January 03, 2007
JohnC wrote:
> 
> But I recall programming my Sega SC-3000 in Basic, and later at high school commanding a "turtle" around the screen with the Logo language. Those were the days! 

Ah, the Logo hokey-pokey:

FD 100
BK 100
FD 100
RT  90
LT  90
BK 100
RT 720

And that's what it's all about :-p


Sean (it's been a long day)
January 03, 2007
C.  I got a beginners book on it in 8th grade which really increased my interest in programming (before that I had played with VB6... but that was VB6).  Then, right around the time I first heard about D I learned about OOP and couldn't go back to straight C.  D is so far the cleanest and richest language I've played with that incorporated OOP; others have included Java and C#, which I disliked for requiring massive VMs and not having first-class functions, and C++, which I detested for its class definition syntax and header files.
January 03, 2007
RPG III, RPG400, Visual RPG(Caviar)

January 03, 2007
Primary: C++

Others: Ruby, C, MIPS Assembly, and if I'm forced, Python and Perl
Inactive: BASIC, Turbo Pascal, Ada, x86 Assembly

--Steve
January 03, 2007
Tyro wrote:
> My Journey:
> 
>     D -> C++ :( -> D

That's my favorite reply so far <g>. Thanks for the good chuckle.
January 03, 2007
== Quote from Walter Bright (newshound@digitalmars.com)'s article
> I know you all are early adopters of D, and that's a special breed
> different from the vast majority of programmers. But still, it would be
>   useful (in writing documentation) to know what language was your
> primary tool before coming to D. I also know that many of you are handy
> with multiple diverse languages, I just want to know the primary one.
> Asm?
> C++?
> C?
> None (D's your first language)?
> Java?
> C#?
> Python?
> Lisp?
> Ruby?
> Delphi?
> Perl?
> Cobol? <g>

little C but lots of Fortran 90/95 and Python, essentially for scientific computing and visualization (numerical simulation)
January 03, 2007
Tyro wrote:
> My Journey:
> 
>     D -> C++ :( -> D

Aahahaaha.. "Fatal Tragedy" & "Finally Free" to comment this statement with two great songs of Dream Theater. :D
January 03, 2007
Walter Bright wrote:

> I know you all are early adopters of D, and that's a special breed different from the vast majority of programmers. But still, it would be  useful (in writing documentation) to know what language was your primary tool before coming to D. I also know that many of you are handy with multiple diverse languages, I just want to know the primary one.
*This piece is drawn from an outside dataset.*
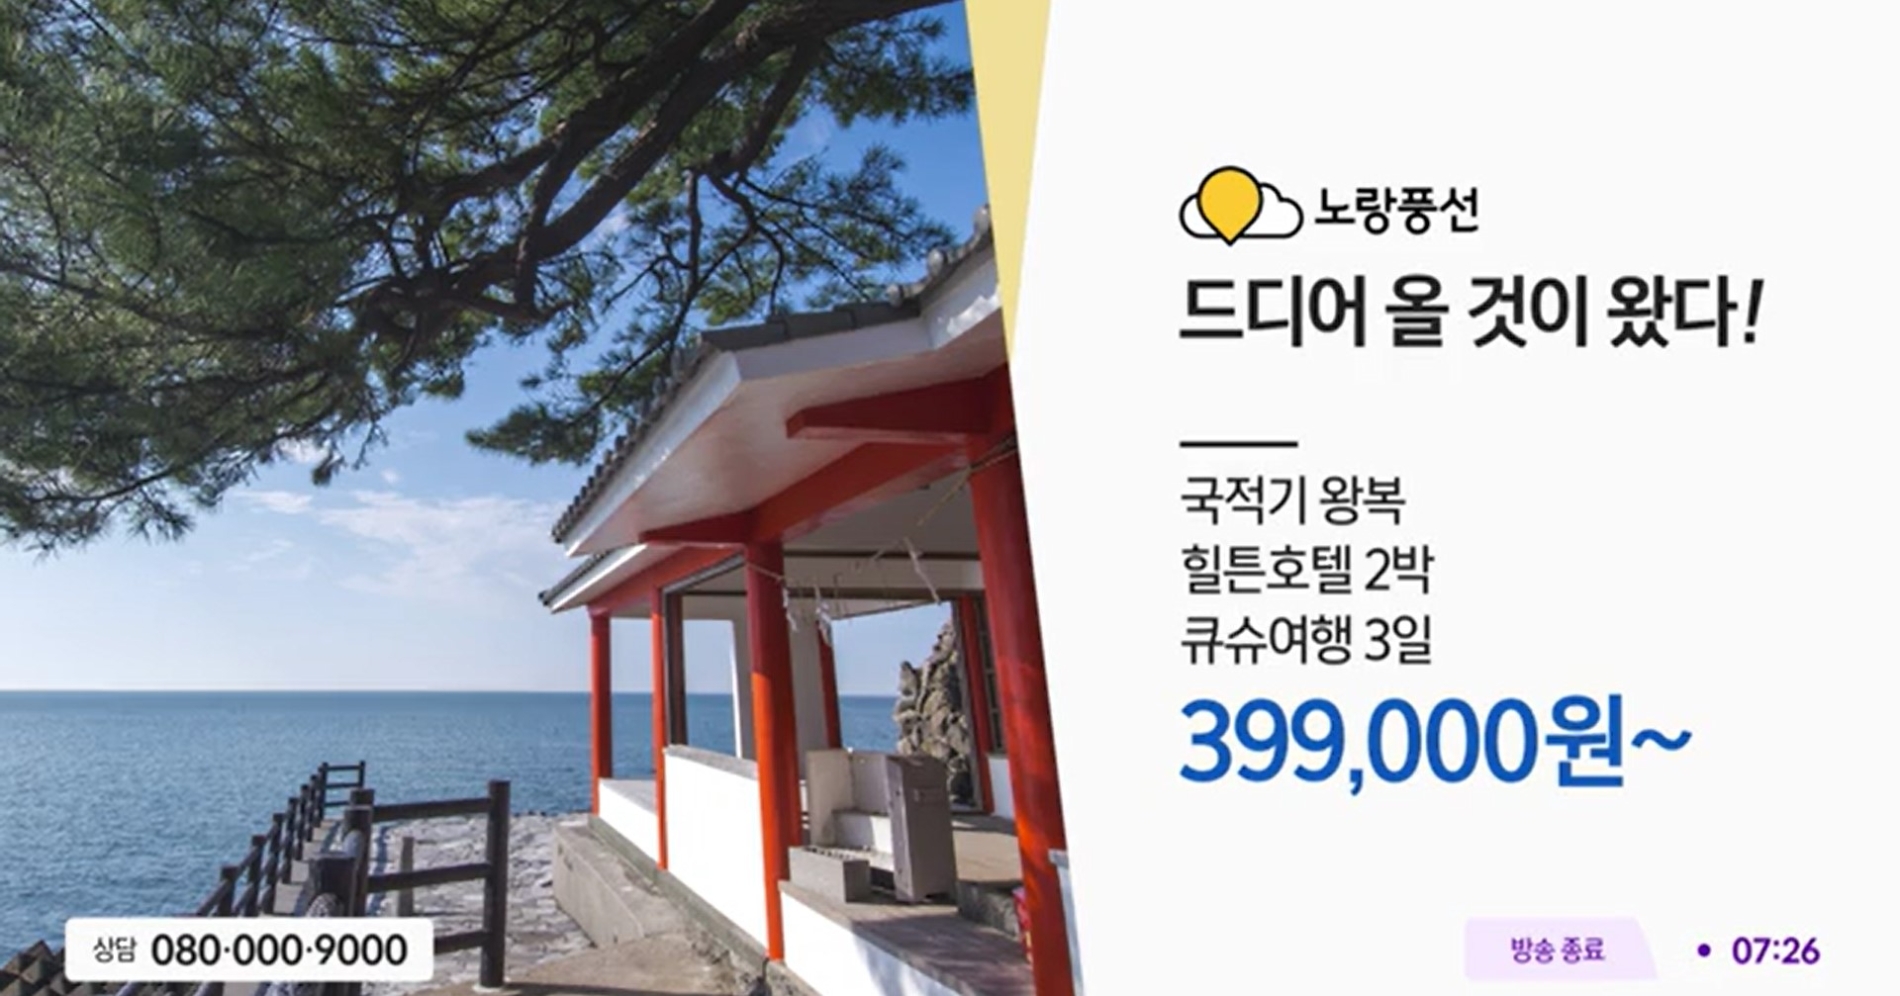 [생활경제 이슈] 노랑풍선, CJ온스타일 통해 판매한 큐슈 상품 3,800건 주문, 50억원 매출 이뤄 外

I'm coming from C (with 68K and PPC Asm in).

Hoping for D instead of C++ and Objective-C,
(or the Perl/Ruby and Java/.NET languages...
But I don't consider D in the same "section"
as those scripting and managed alternatives?)
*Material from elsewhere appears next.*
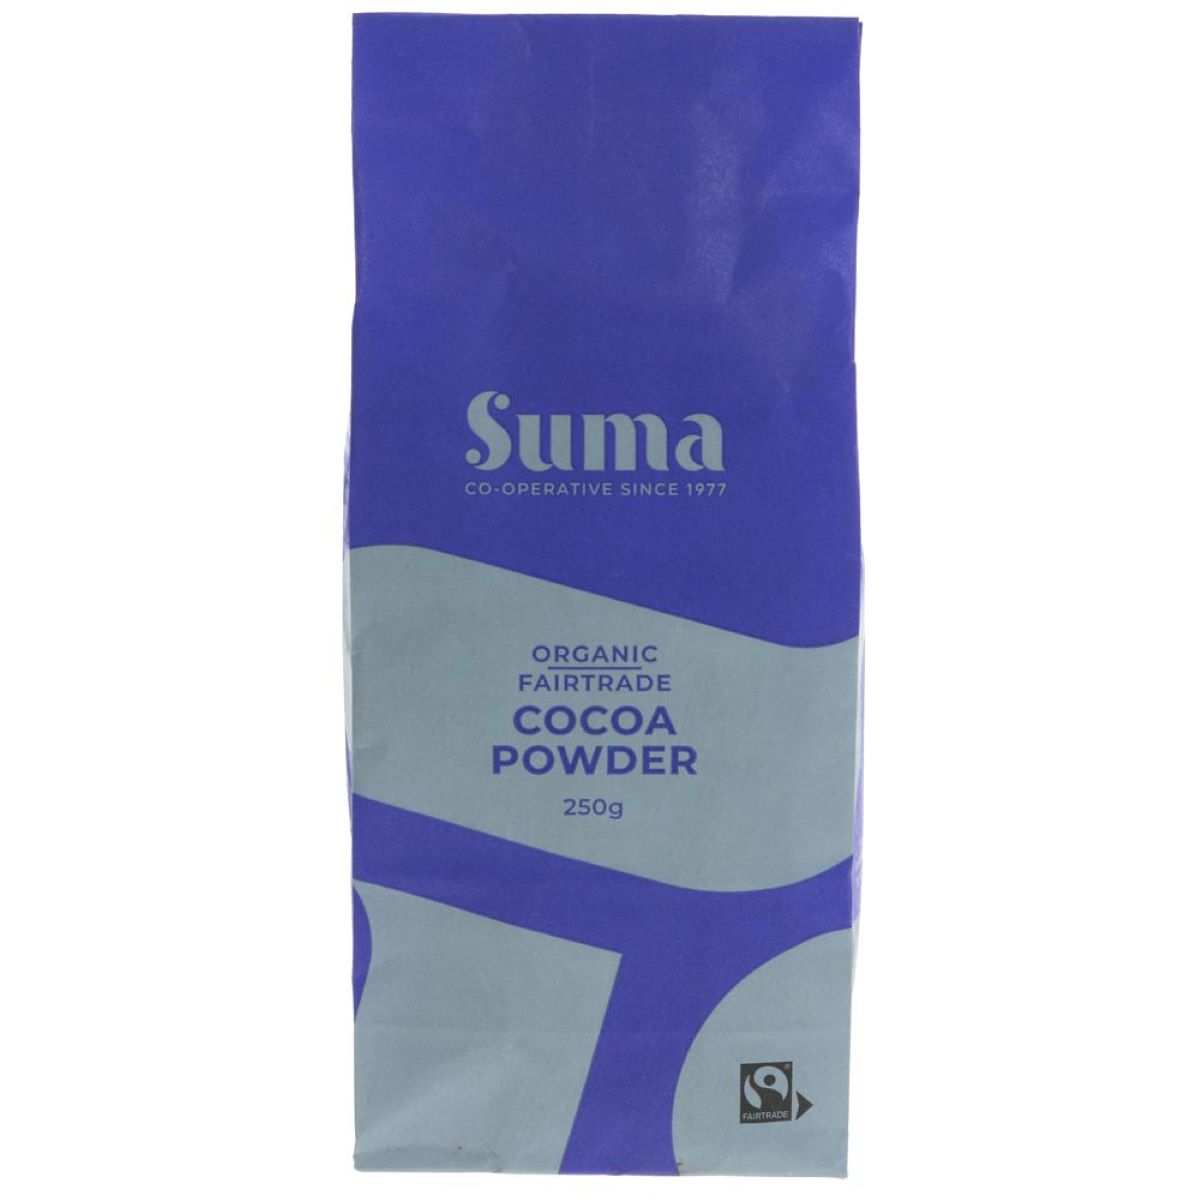 Suma Organic Fairtrade Cocoa Powder 250g

But my primary tool was (and it still is) C.
--anders
January 03, 2007
Walter Bright escribió:
> I know you all are early adopters of D, and that's a special breed different from the vast majority of programmers. But still, it would be  useful (in writing documentation) to know what language was your primary tool before coming to D. I also know that many of you are handy with multiple diverse languages, I just want to know the primary one.
> 
> Asm?
> C++?
> C?
> None (D's your first language)?
> Java?
> C#?
> Python?
> Lisp?
> Ruby?
> Delphi?
> Perl?
> Cobol? <g>

In order of time spent programming:

Java
PHP
C#
C++
ASM (just for a project in university)
January 03, 2007
C and Java are both primaries for me, depending on the project. We go way back.